Data below »
***

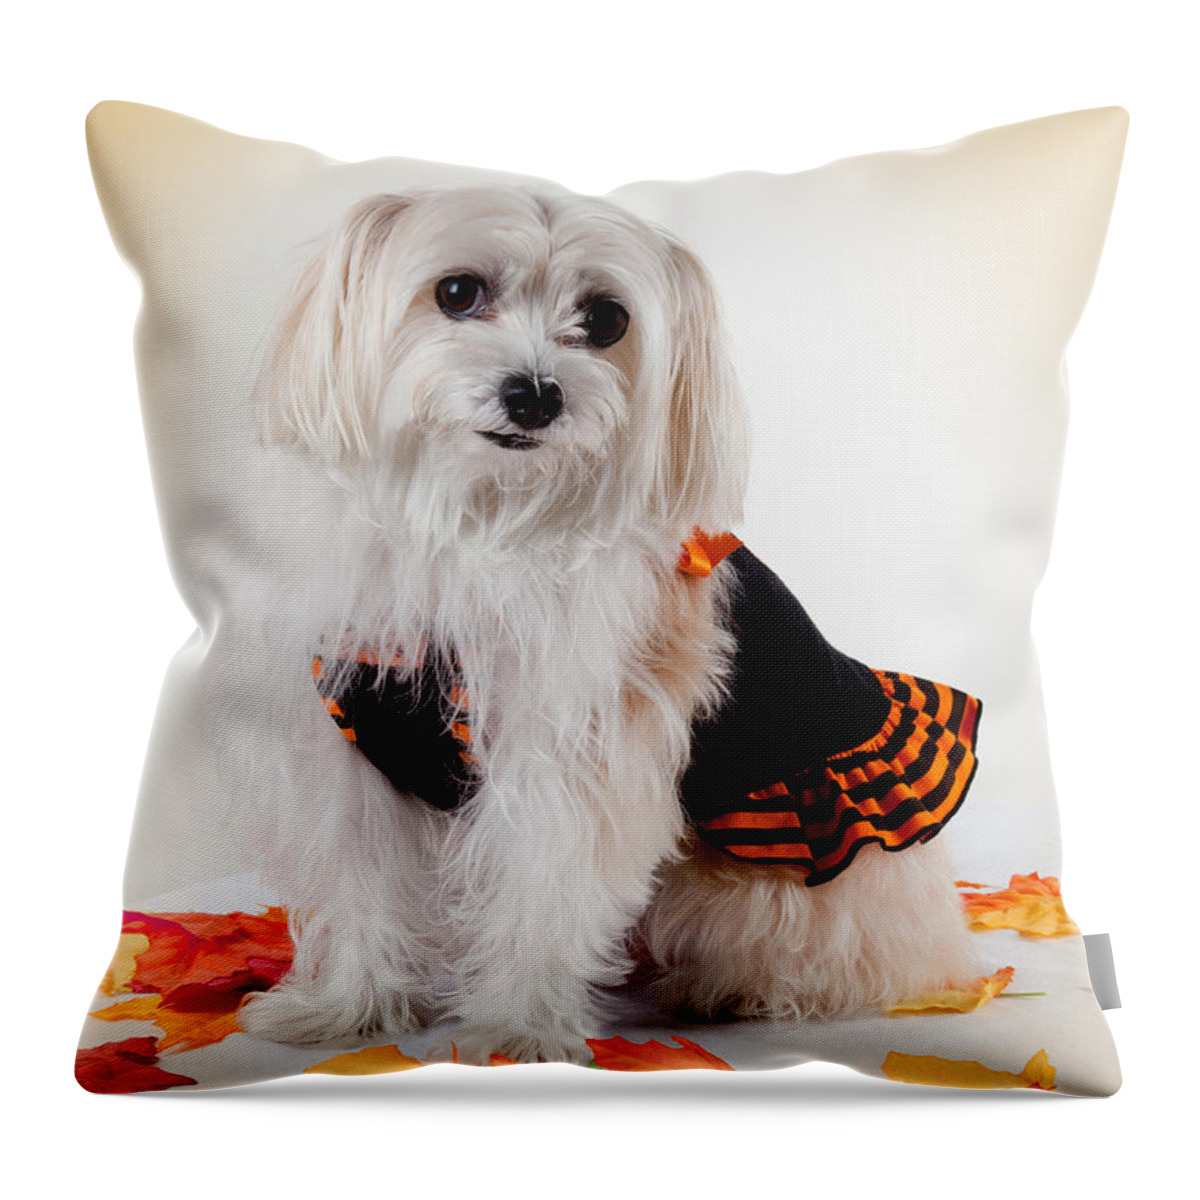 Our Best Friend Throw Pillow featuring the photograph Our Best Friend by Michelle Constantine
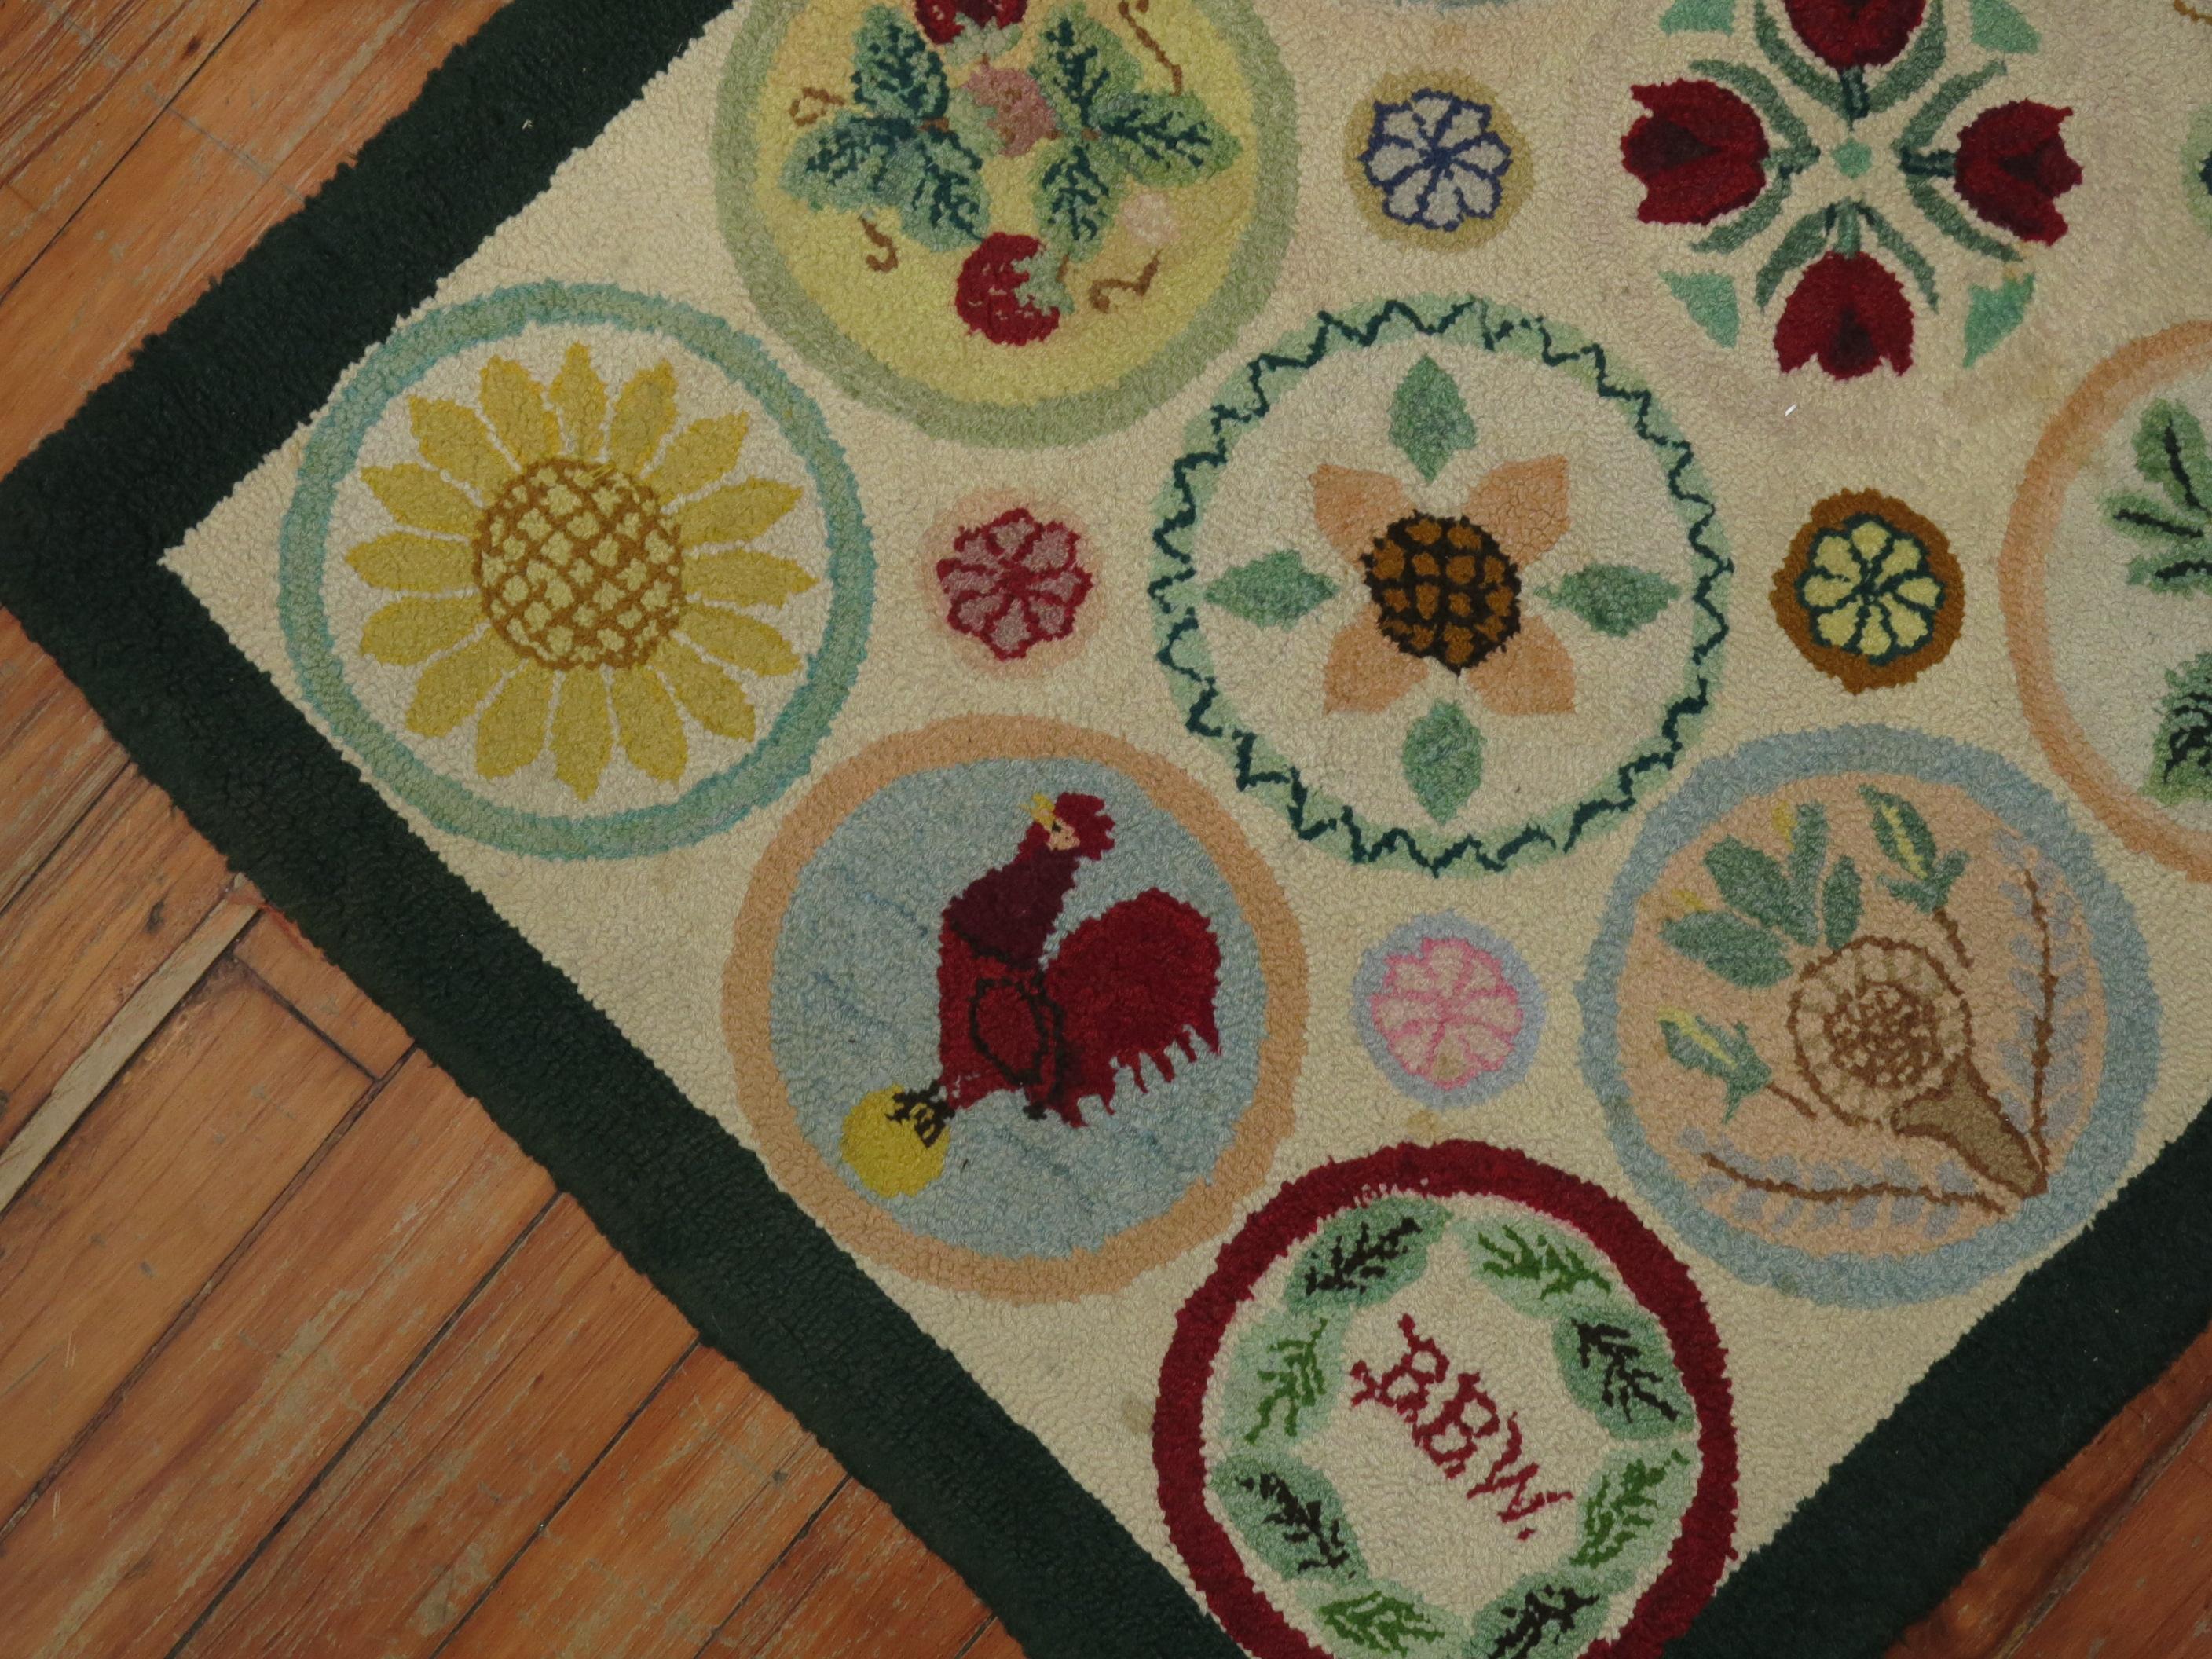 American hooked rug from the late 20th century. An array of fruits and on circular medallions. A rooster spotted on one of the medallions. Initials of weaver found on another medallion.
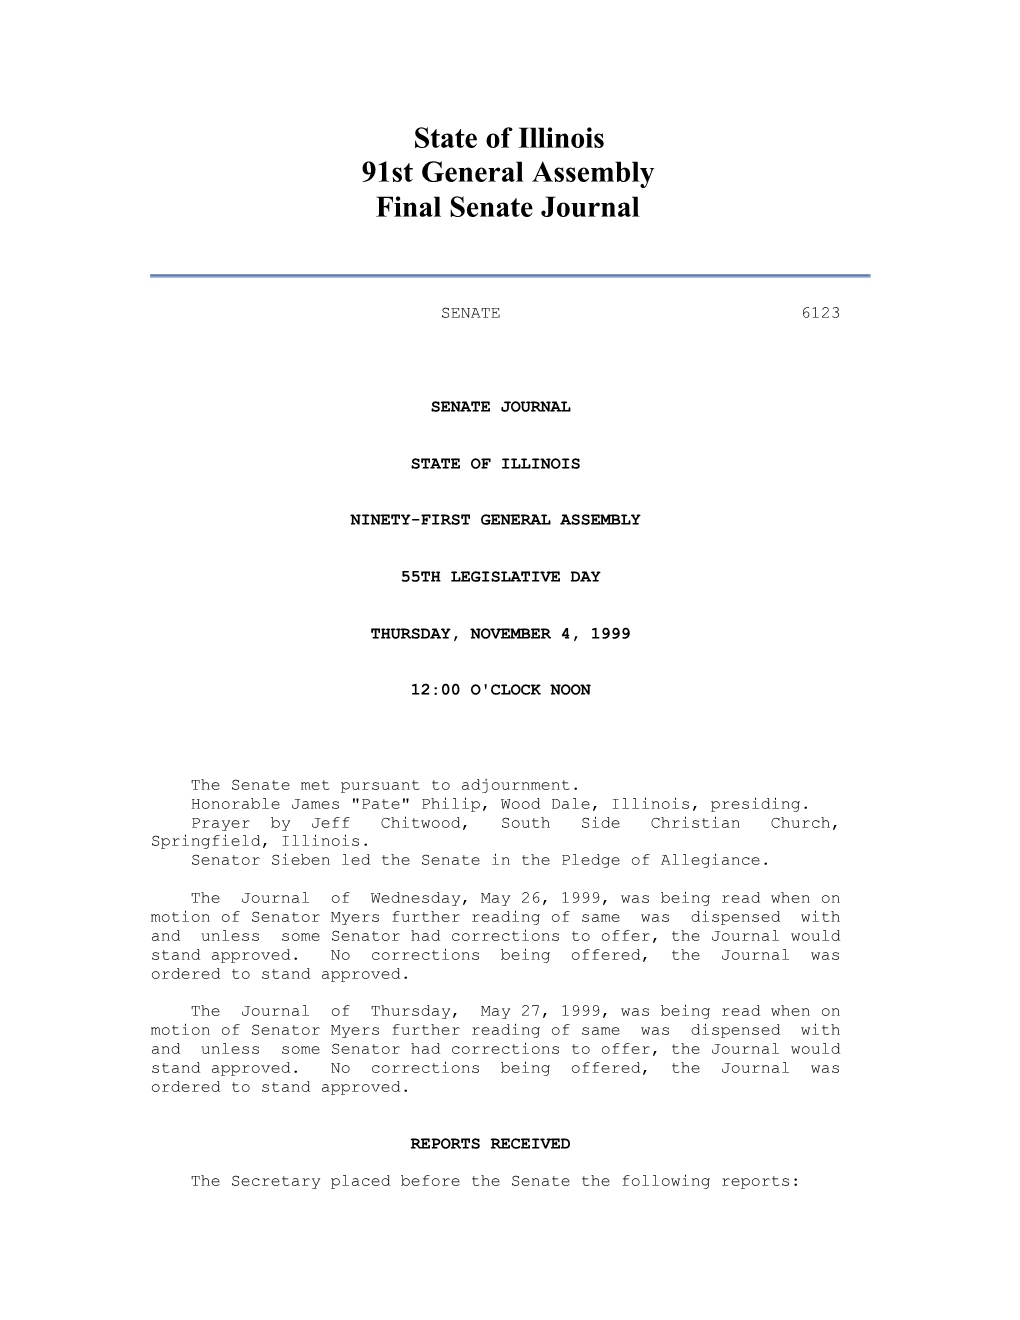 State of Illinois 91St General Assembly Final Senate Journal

***

Work item »
Reproduce the lines above letter for letter. The pictures stay behind.

Solution for this task »
 Our Best Friend Throw Pillow featuring the photograph Our Best Friend by Michelle Constantine
 American hooked rug from the late 20th century. An array of fruits and on circular medallions. A rooster spotted on one of the medallions. Initials of weaver found on another medallion.
 State of Illinois 91St General Assembly Final Senate Journal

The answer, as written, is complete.